Wednesday, January 7, 2015

Actual vs imagined parenting


As a child, I had a very clear view of the perfect mother.  She was my castle-on-a-cloud daydream for myself, and I hoped to become her someday for the benefit of my own children.  But I have had to accept that I am not that person.  One of the many lessons I've had to learn as a parent is that my personality didn't magically disappear at the moment of birth, to be replaced by a new creature designed for raising children.  Indeed one of the most surprising things about becoming a parent has been how very much I am still the person I was before.  With all the flaws and foibles that entails.

The perfect mother I imagined was a calm, nurturing earth-goddess.  She didn't just hold some of the leftie ideals that I hold politically, she carried them out in every-day life with a glorious hippy-aura of universal love, supreme forgiveness and infinite patience.  (Feel free to picture her in a flowing white gown through a soft-focus lens.)

Well I am not, and never have been, particularly calm.  Acquaintances have mistaken me for such, but that's my polite, still-scared-of-strangers front.  My nearest and dearest bear the full brunt of the subsequent frustration that regularly boils over into ranty, tantrum-y yelling matches... often with inanimate objects.  I am moody, easily irritated, and frankly often plain difficult to live with.  Not serene.

I don't think anyone could describe me as an earth-goddess, calm or otherwise, either.  As I have written, my attempts to grow a few veggies didn't go so well, and that lack can pretty much be extended to my life and personality beyond the garden.  If I were a deity, I'd be more akin to Thor - throwing hammers about when the mood takes me; or perhaps Dionysus - getting pissed as if that were my royal right - than any of the life-giving feminine types I used to worship.

And forget hippy.  The dresses didn't suit me as a teenager and do even less for my figure now; in any case I lean ever further towards cynicism than love of my fellow man.  'Universal love'?  More like 'universal contempt'.

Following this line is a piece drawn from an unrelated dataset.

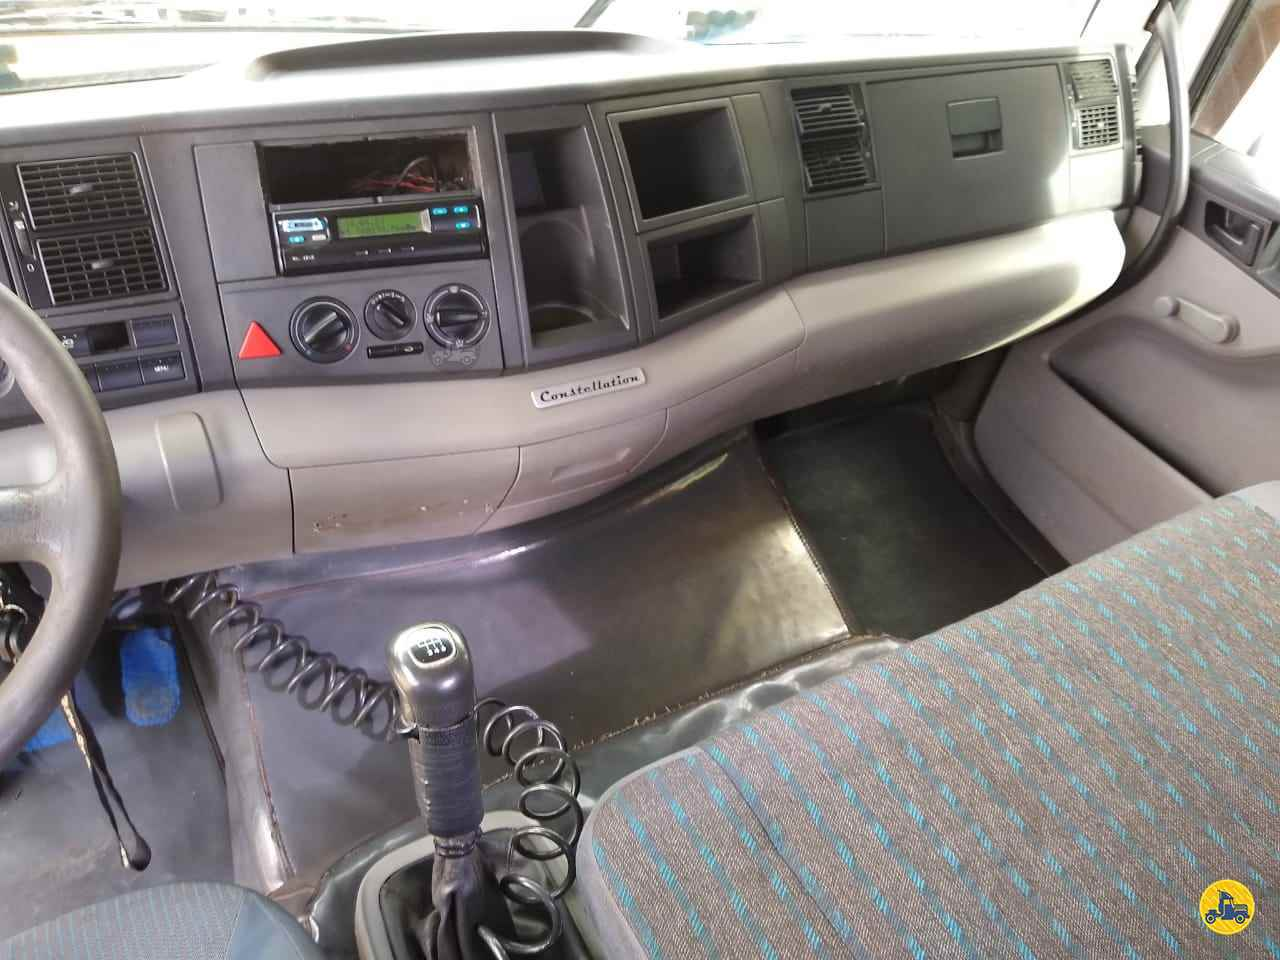 VOLKSWAGEN VW 24250 780000km 2007/2007 DKM Caminhões
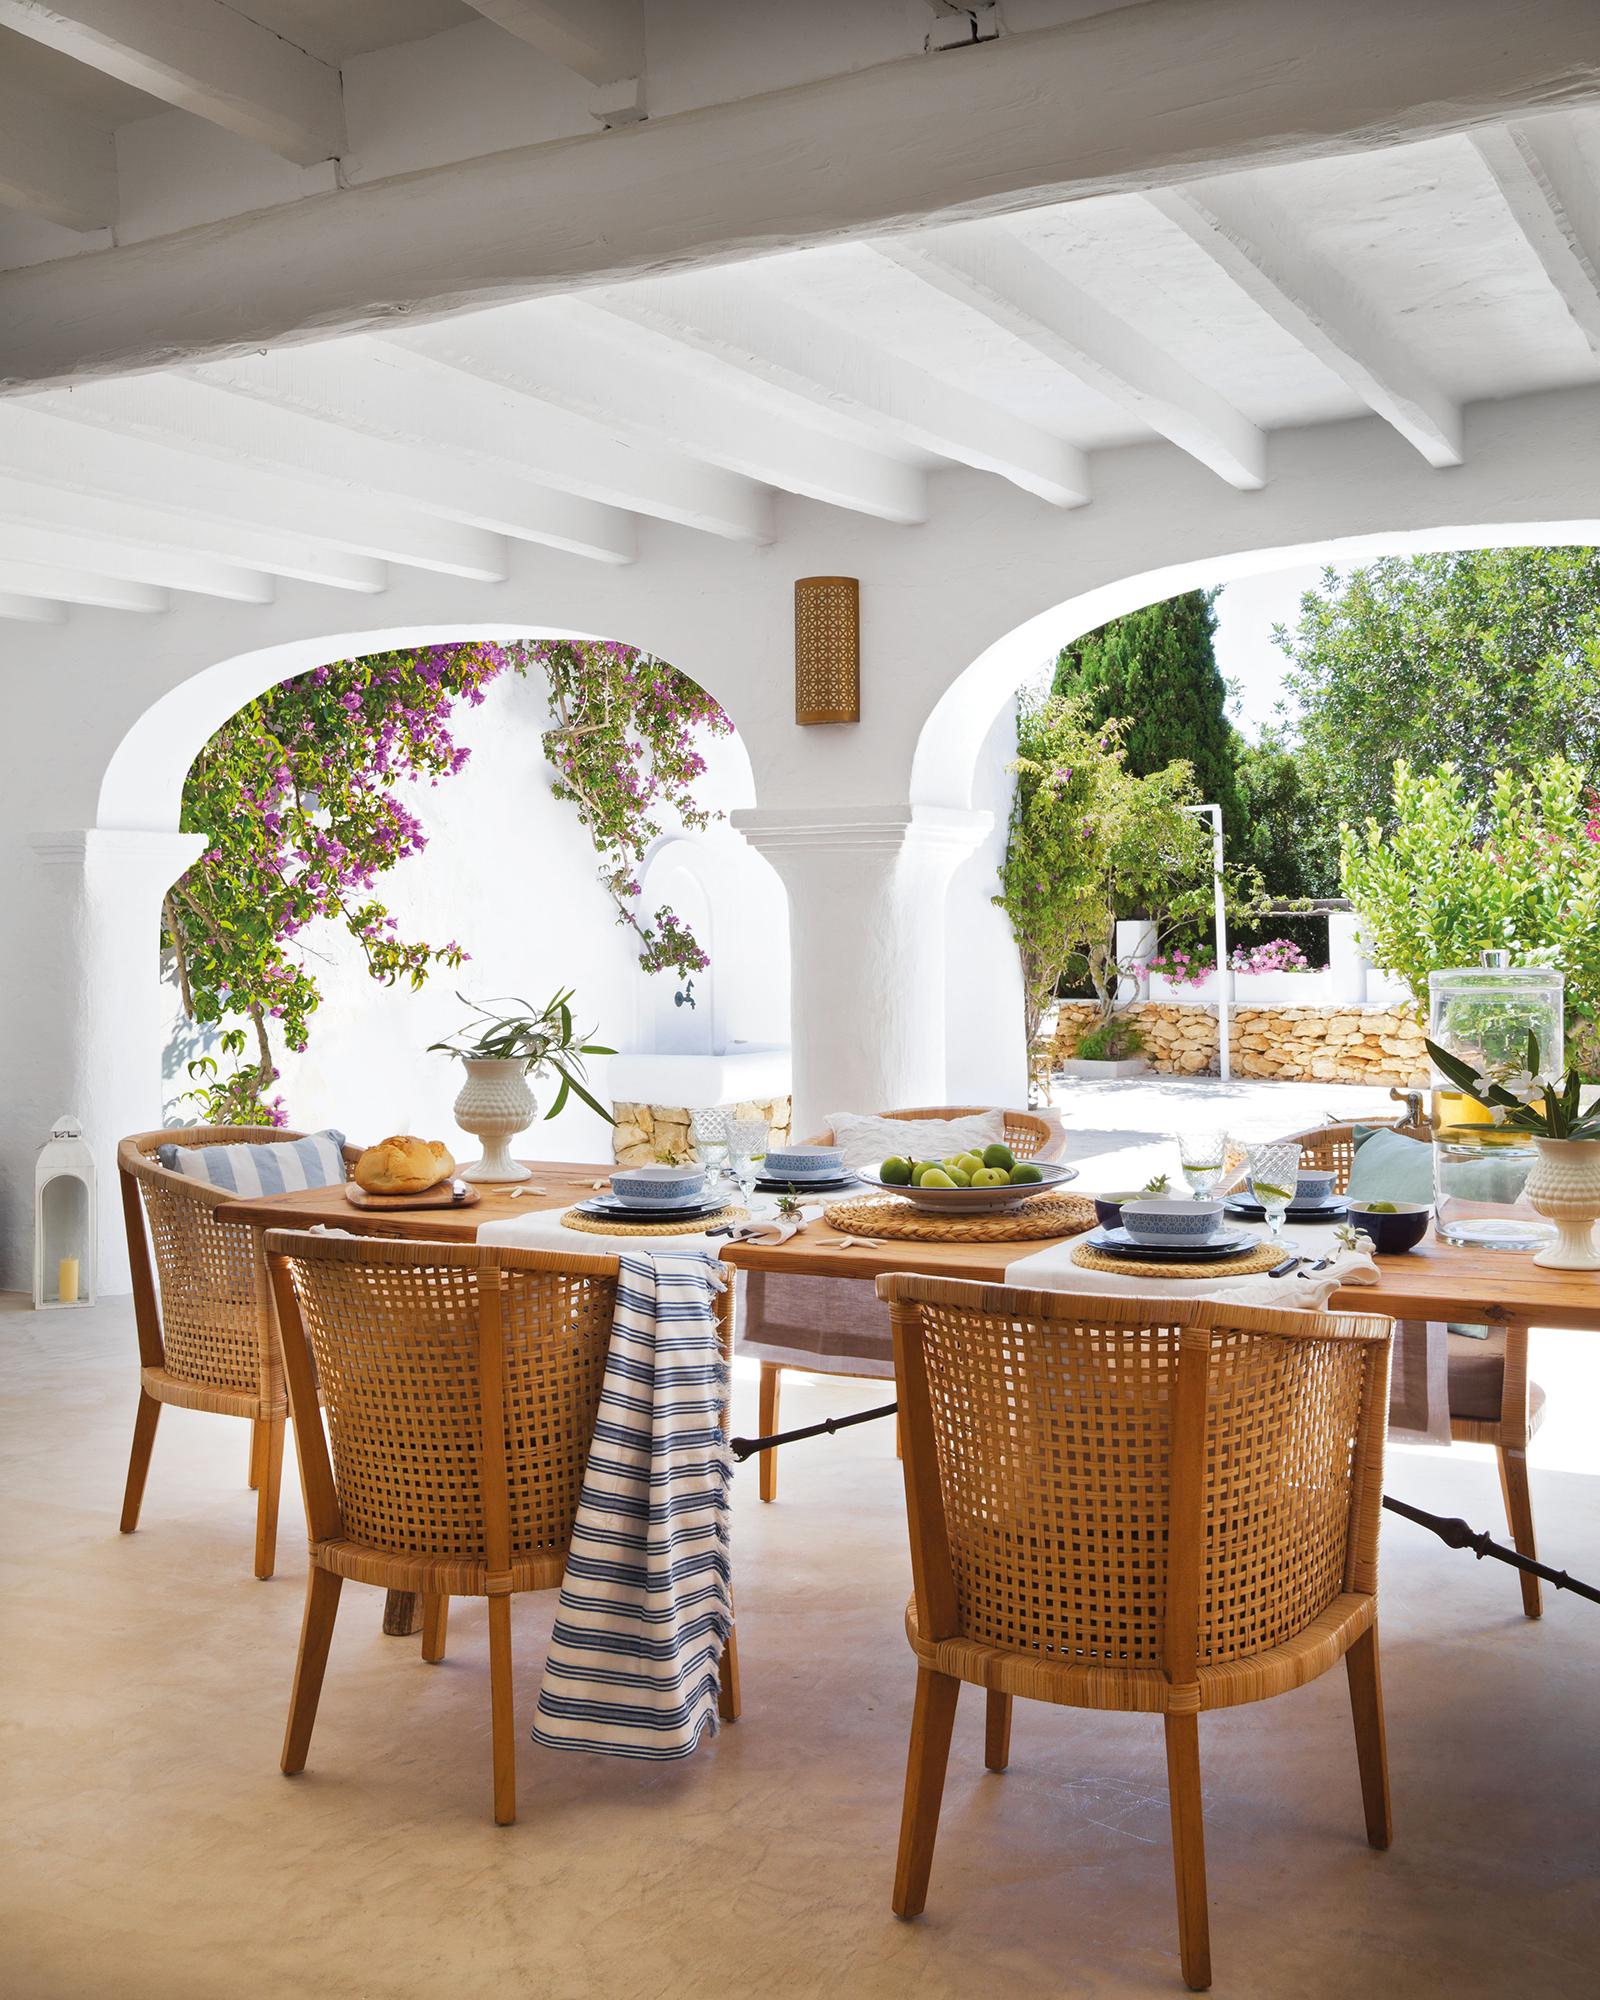 Porche porches de madera modernos o r sticos elmueble for Mesa porche

I never actually thought much about the word 'patience' before parenthood.  I didn't need to until mine was actually tested - and I have been found severely lacking.

I am quite forgiving I think, but then I have to be or I'd be guilty of hypocrisy on top of all my other parenting crimes.  And when it comes to my children (unlike my veggies), I would give myself some credit for being 'nurturing'.

So that's two out of... six?... perfect-mother characteristics?  Surely a fail in anyone's book.

But there is some good news.  Firstly, my innocent child isn't judging what sort of a mother I am - he just knows that I'm the mummy, and that's good enough for him.  I am aware that even if I were officially abusive he'd have this attitude, so I find his love humbling rather than validating; a challenge to match his trust in me as much as I humanly can.

Secondly, countering my efforts, there is the realisation of how little effect I actually have on him anyway.  While a parent certainly can do plenty of damage to their child, most of us don't.  When worrying about my skills just pre-parenthood, a gorgeous friend suggested that it's pretty simple - they just need love.  Oh, and boundaries.  Love and boundaries she said were the basic rules of good-enough parenting.  And it seems to be true.  His personality is his own, and as long as I meet his primary physical and emotional needs the rest is largely beyond my control.

And finally, I realise that my actual personality, rather than the perfect one I imagined, has some benefits of its own.  That earth-mother might never have yelled, but would she ever have laughed hysterically at her child's jokes either?  Could I picture her wrestling a one-year-old in mutual shrieks of joy on the lounge-room floor, or agreeing that dribbly-farty-face-noises are the height of comedy?  My occasional (okay, regular) lack of organisation and inability to stick to schedules, with subsequent making-it-up-as-I-go-along-ness might even teach my children something about adaptability.  And my overall flawed and subsequently self-forgiving nature might just teach them to forgive themselves their own perceived flaws, and give them the opportunity to revel in their glorious, messy, unique humanity.

I am no perfect mother.  But perhaps this knock-around gal is a fairly decent, and pretty darn fun mum instead.